Yarvin believes there is no such thing as democracy—and Thiel has said as much, as well. Yarvin’s stunted political imagination prizes strict hierarchies—despotisms, monarchies, and experimental new feudalism via a “patchwork” of corporate fiefdoms managed by absolute dictators who might be appointed by a vote of property-owning “shareholders.” Unlike some advocates of Silicon Valley secessionism, Yarvin has never been shy in acknowledging that this amounts to a revolution and would require the forcible overthrow of the established order. He advised, for instance, that the new dictator of California should throw the old elected governor in Alcatraz, and then briskly proceed to pack the government with Google guys.

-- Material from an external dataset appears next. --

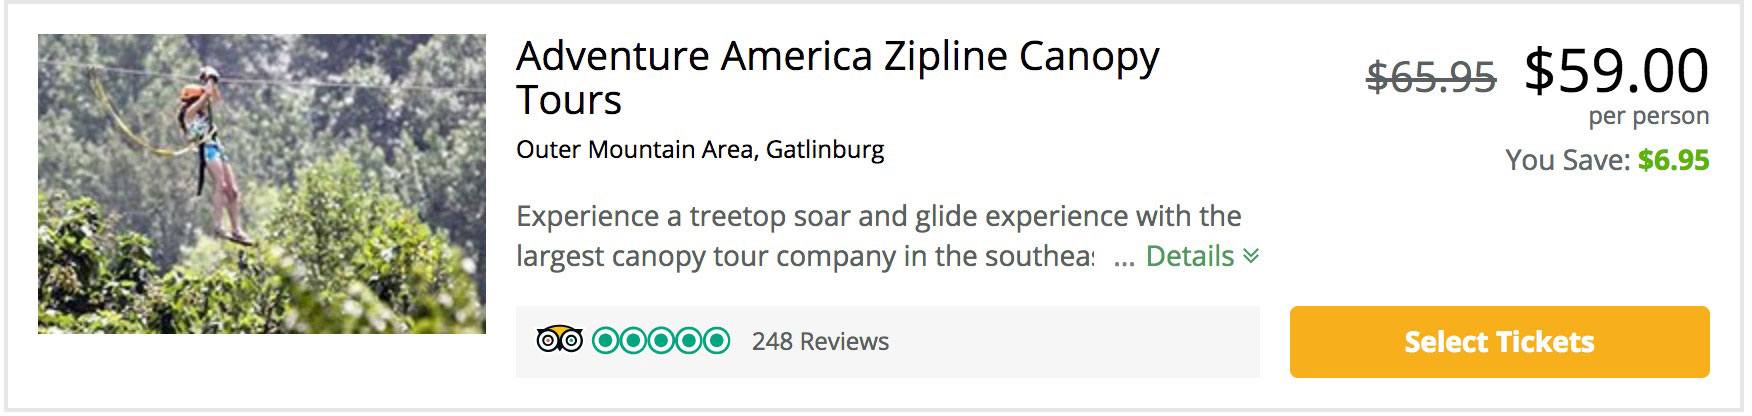 adventure america zipline canopy tours

Yarvin’s Dark Enlightenment dogma also is steeped in pseudoscientific racism. Yarvin preaches that intelligence is determined in large part by the laws of “human biodiversity”—which hold, in his telling, that white people are congenitally smarter than black and brown people, and that Chinese people may be the smartest of all. It takes no great stretch of the imagination to see how a blood-and-soil white nationalist like Bannon and a racist bomb thrower like Donald “Good Genes” Trump would find a great deal of reassurance in this toxic philosophy.